Ilmenite has a molar mass of $151.71\mathrm{g}/\mathrm{mol}$. The total amount of ilmenite present is

$$\begin{gathered} \mathrm{m}\left({\mathrm{FeTiO}}_3\right)=\mathrm{n}\left({\mathrm{FeTiO}}_3\right)\times {\mathrm{M}}_{\mathrm{R}}\left({\mathrm{FeTiO}}_3\right) \\ \mathrm{m}\left({\mathrm{FeTiO}}_3\right)=3.123\times {10}^{22}\mathrm{mol}\times 151.71\mathrm{g}/\mathrm{mol} \\ \mathrm{m}\left({\mathrm{FeTiO}}_3\right)=4.738\times {10}^{24}\mathrm{g} \end{gathered}$$

Therefore, the total amount of ilmenite present is $4.783\times {10}^{24}\mathrm{g}$.
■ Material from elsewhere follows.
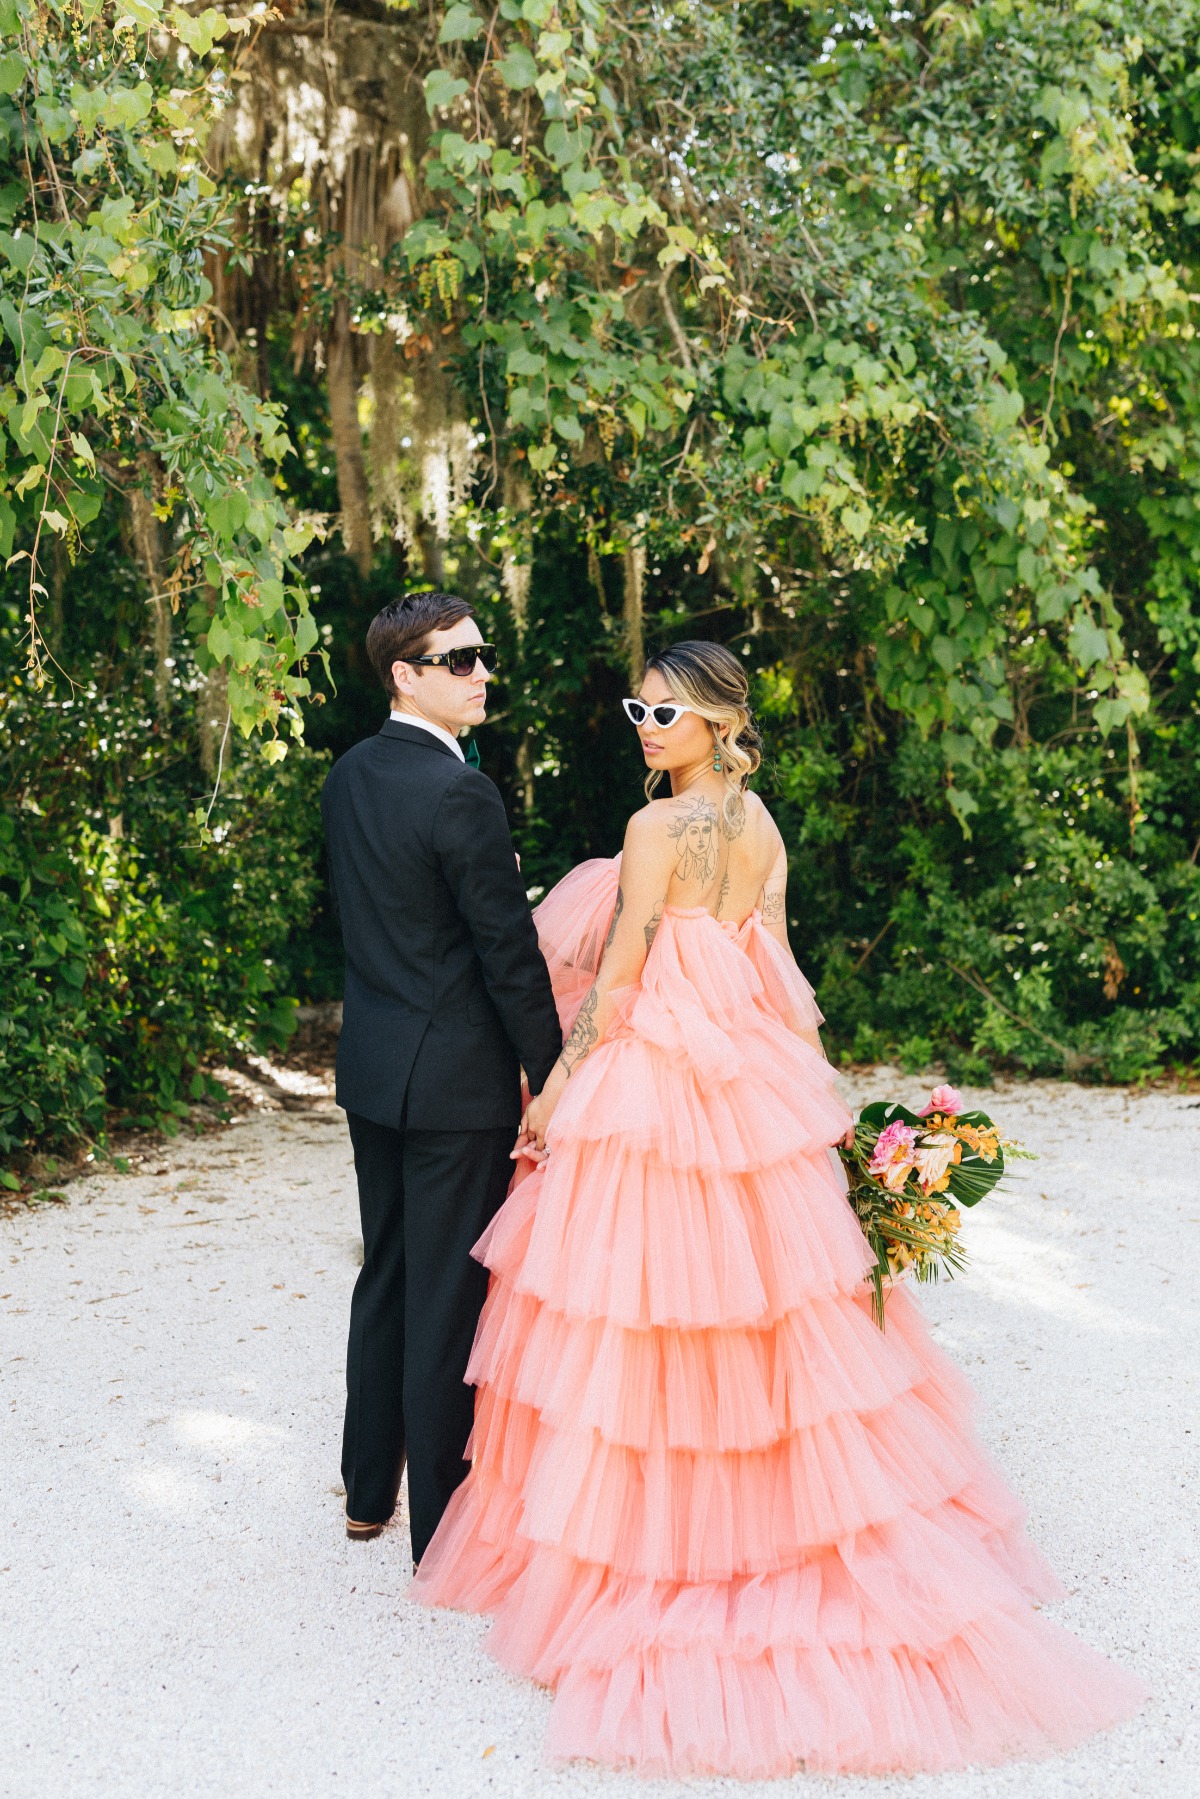 Bride and Groom looking back toward camera in sunglasses

Converting the Consumption rate

To begin, convert the consumption rate to SI units:

$$\begin{gathered} 1\mathrm{ton}=2000\mathrm{lbs} \\ 1\mathrm{lbs}=453.592\mathrm{g} \end{gathered}$$

As a result, the total annual Ti consumption is

$$\begin{gathered} \mathrm{m}\left(\mathrm{consumed}\right)=1.00\times {10}^5\mathrm{ton}\times \frac{2000\mathrm{lbs}}{1\mathrm{ton}}\times \frac{453.592\mathrm{g}}{1\mathrm{lbs}} \\ \mathrm{m}\left(\mathrm{consumed}\right)=8.71184\times {10}^{10}\mathrm{g} \end{gathered}$$

Thus, given the total mass of titanium present and the annual consumption, the time required to consume all of the Ti is:

localid="1663324793755" $$\begin{gathered} \mathrm{Time}=\frac{2.99\times {10}^{24}\mathrm{g}}{8.71184\times {10}^{10}\mathrm{g}/\mathrm{year}} \\ \mathrm{Time}=3.432\times {10}^{13}\mathrm{years} \end{gathered}$$

To consume all of the Ti on Earth, $3.432x{10}^{13}$Years are required.